▸ Stored dataset items:
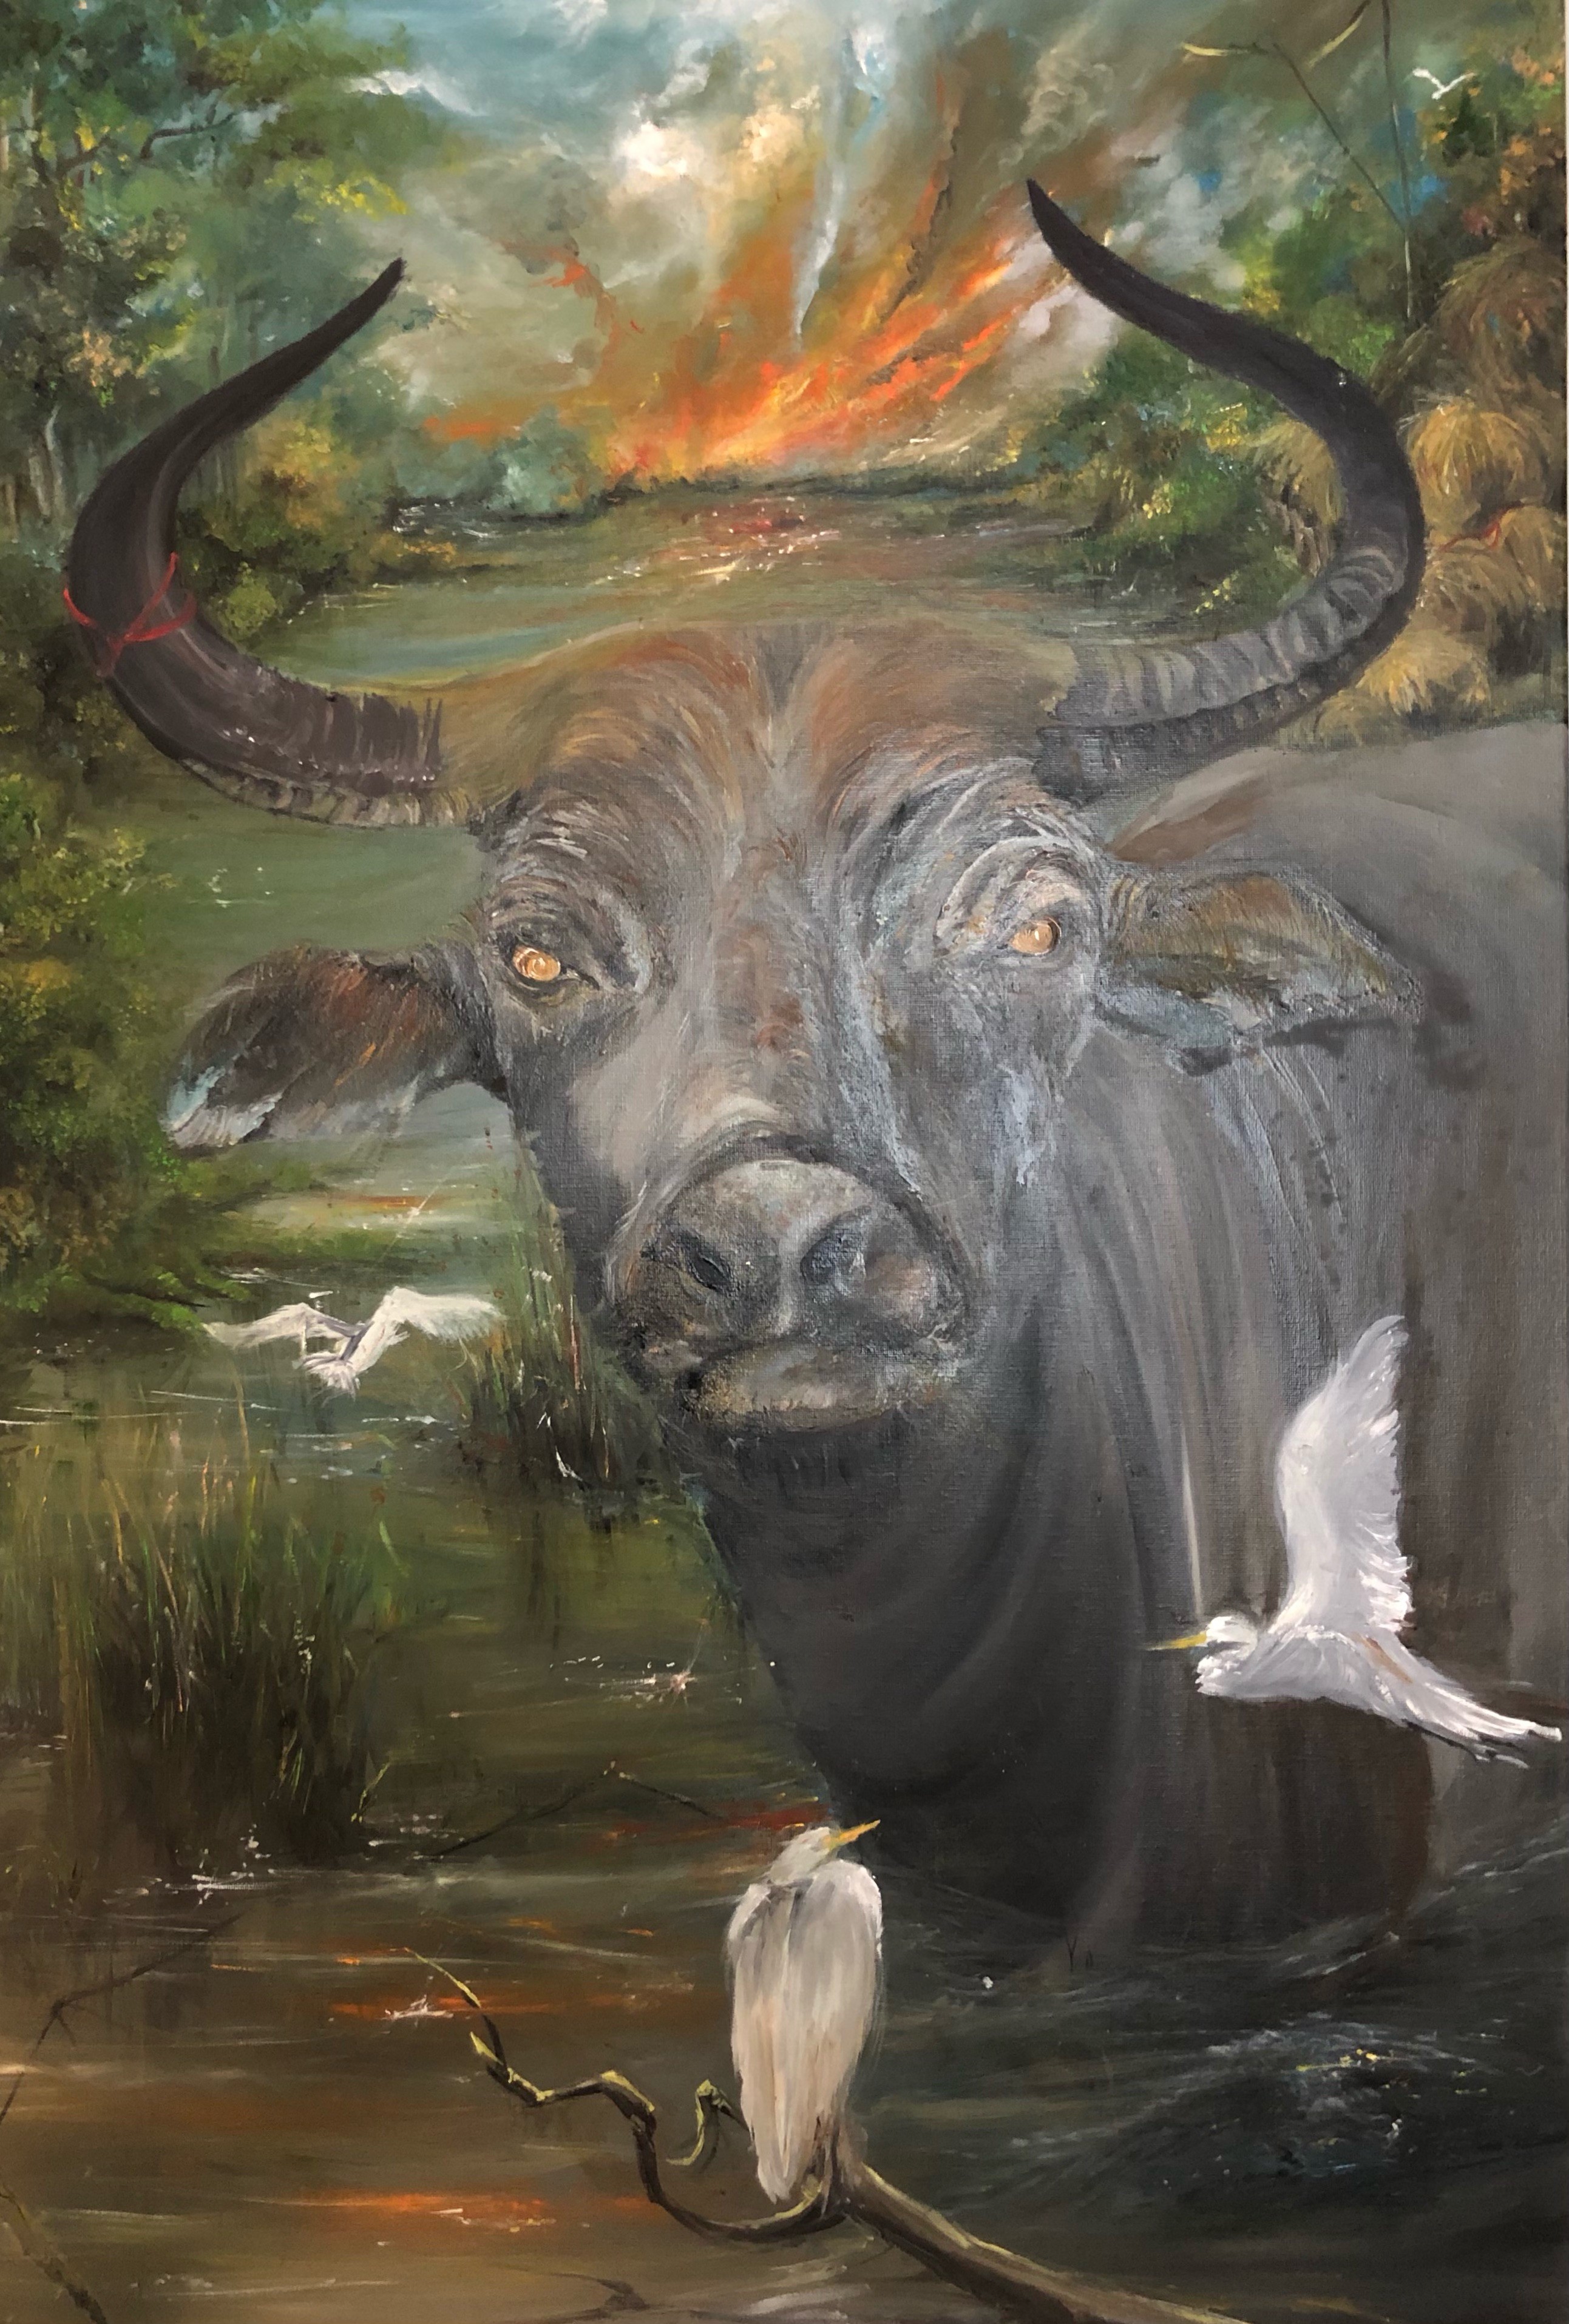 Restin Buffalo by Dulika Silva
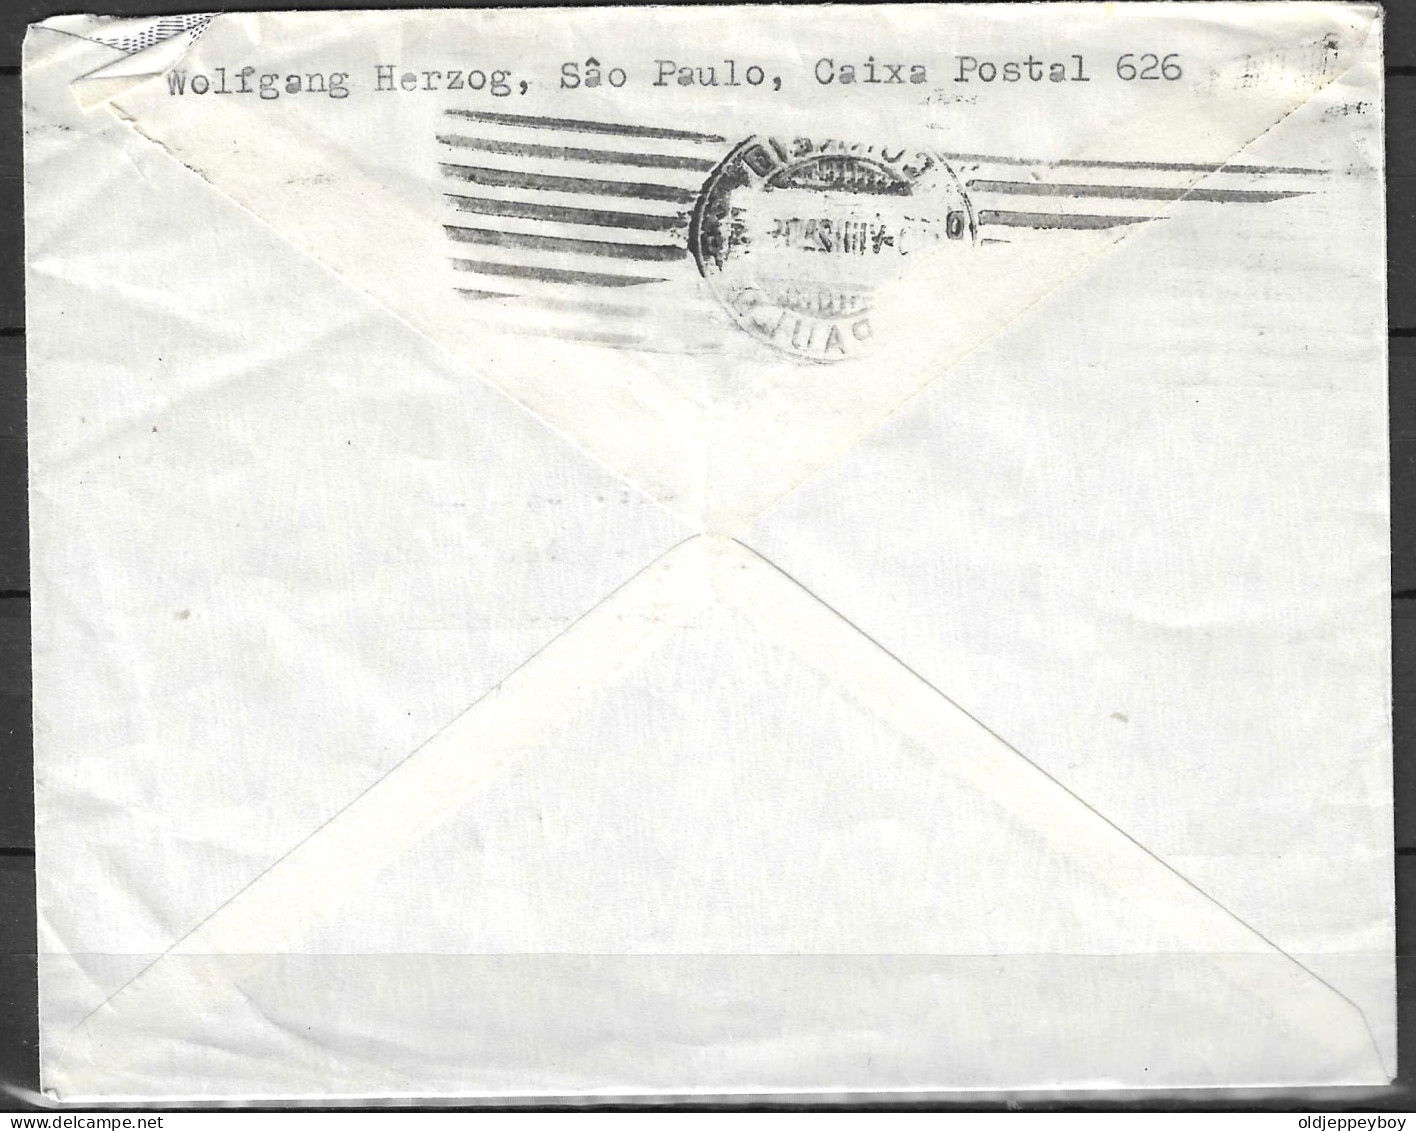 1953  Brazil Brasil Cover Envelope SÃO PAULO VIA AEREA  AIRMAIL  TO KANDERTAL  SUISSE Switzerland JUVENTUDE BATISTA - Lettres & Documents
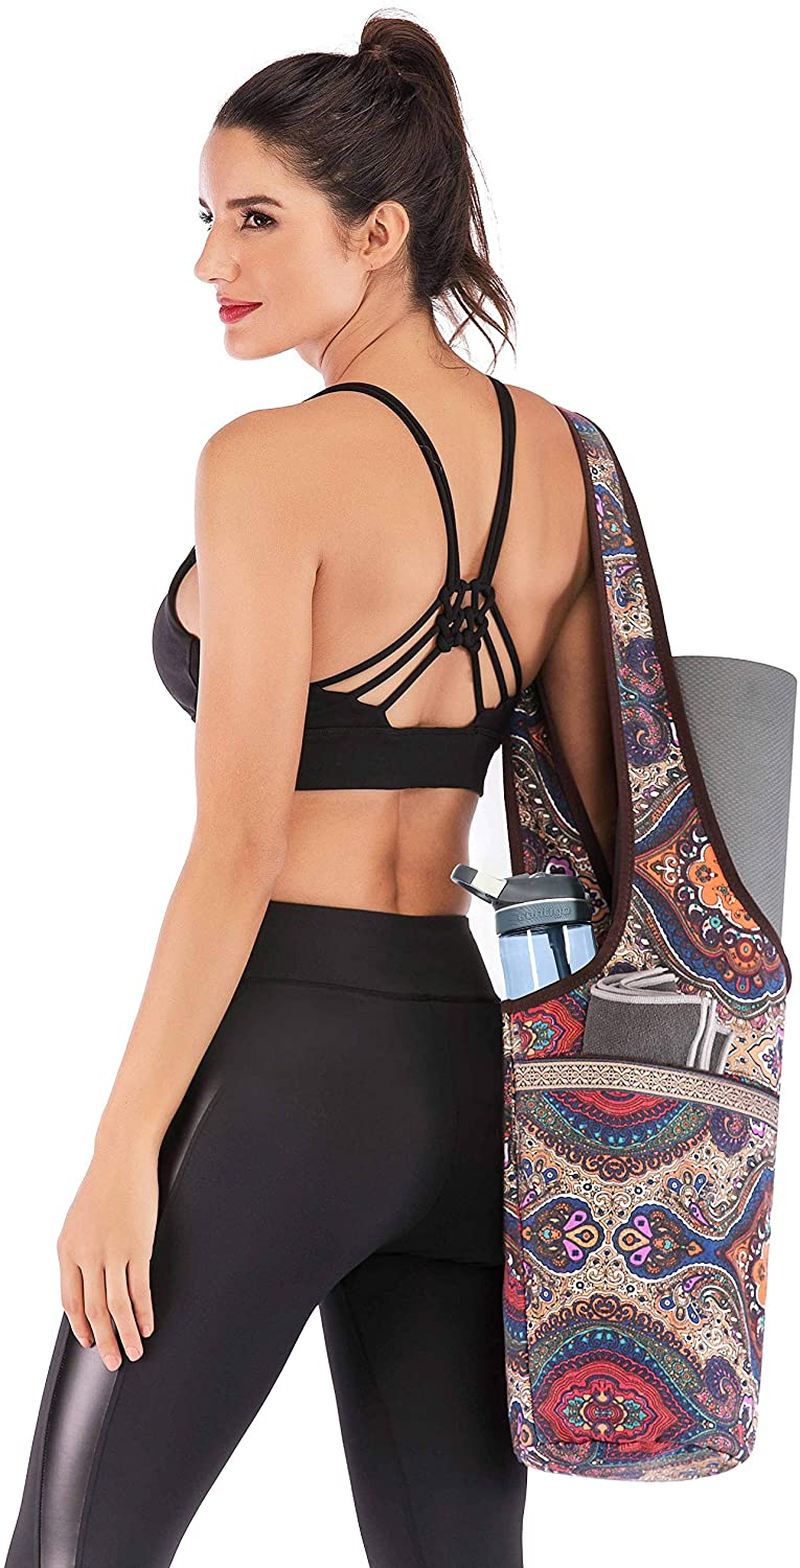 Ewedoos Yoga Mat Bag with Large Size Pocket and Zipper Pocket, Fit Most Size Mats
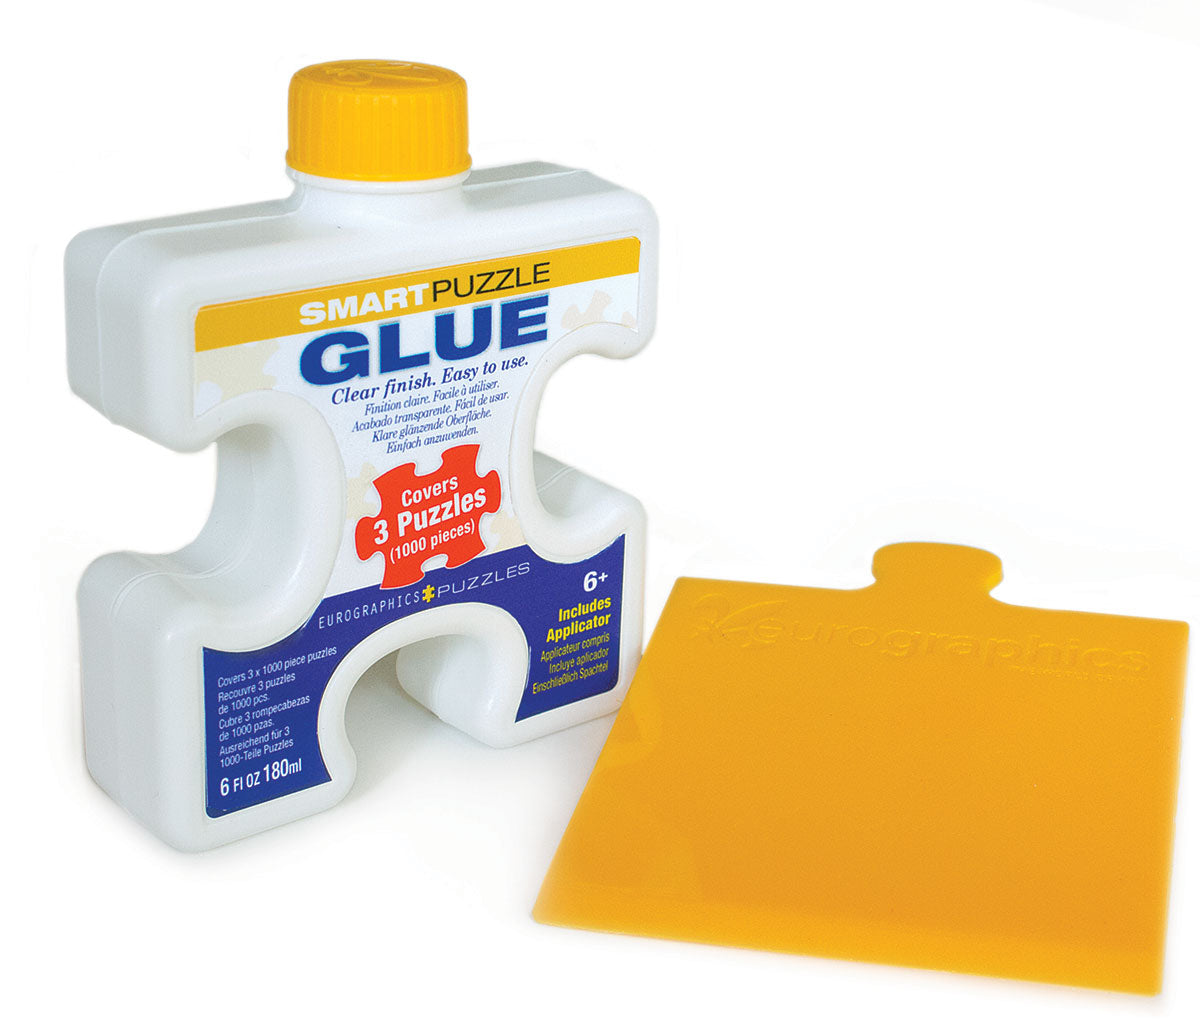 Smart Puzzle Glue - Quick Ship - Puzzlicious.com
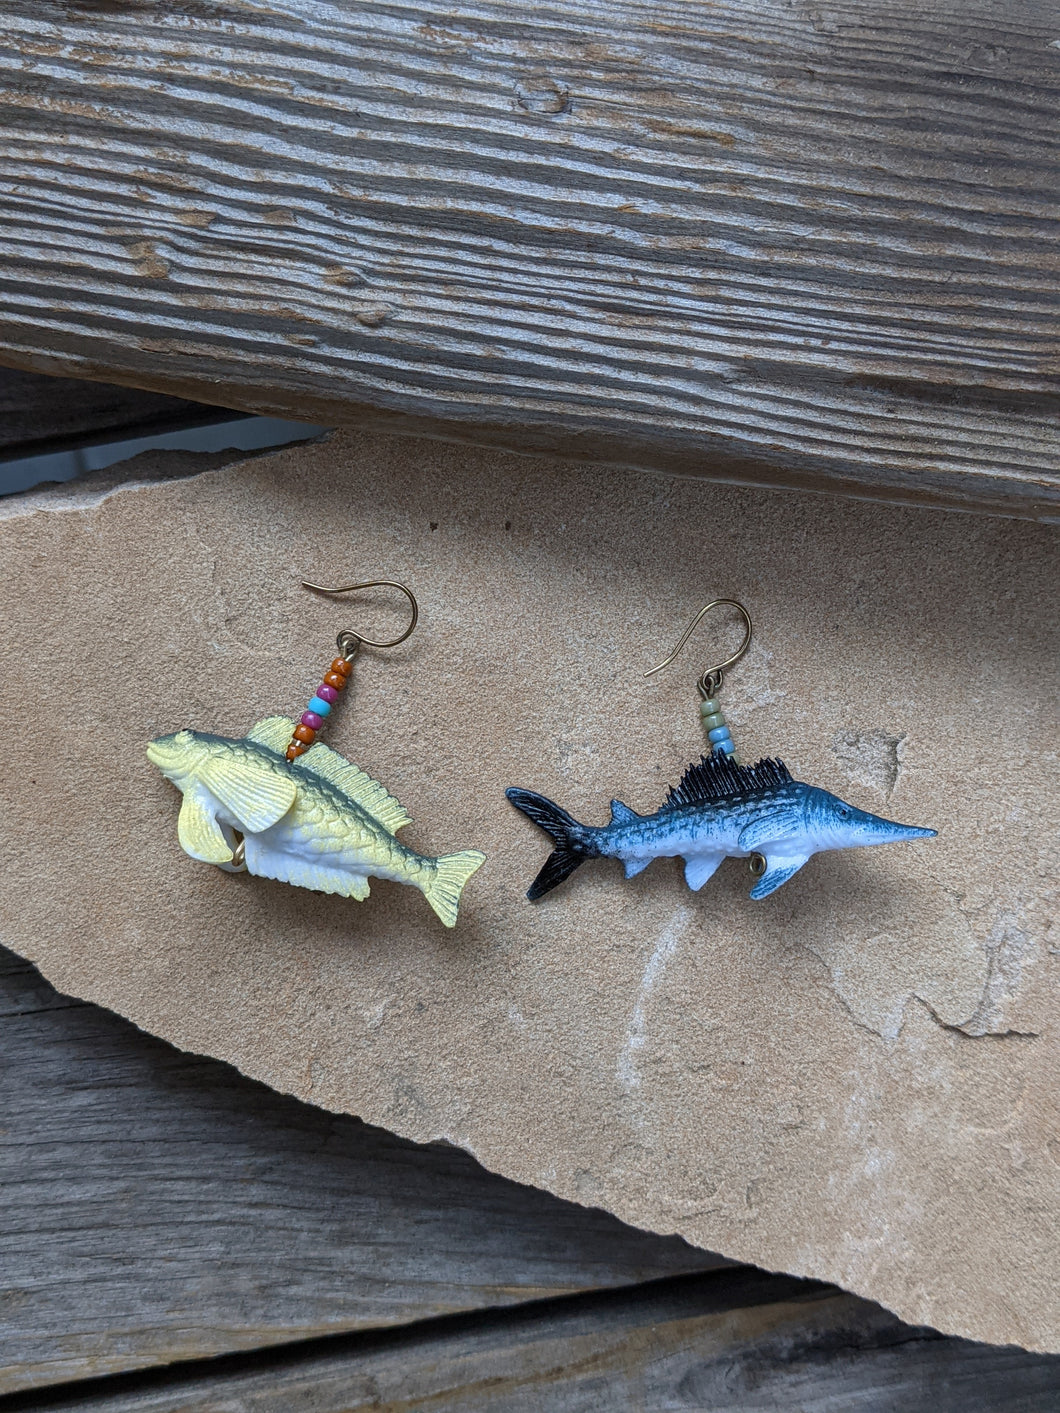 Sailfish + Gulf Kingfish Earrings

▸ ABOUT THIS TASK: Without any pictures, please reproduce the full set of entries.

▸ OUTPUT FOR THIS TASK:
 Restin Buffalo by Dulika Silva
 1953  Brazil Brasil Cover Envelope SÃO PAULO VIA AEREA  AIRMAIL  TO KANDERTAL  SUISSE Switzerland JUVENTUDE BATISTA - Lettres & Documents
 Ewedoos Yoga Mat Bag with Large Size Pocket and Zipper Pocket, Fit Most Size Mats
 Smart Puzzle Glue - Quick Ship - Puzzlicious.com
 Sailfish + Gulf Kingfish Earrings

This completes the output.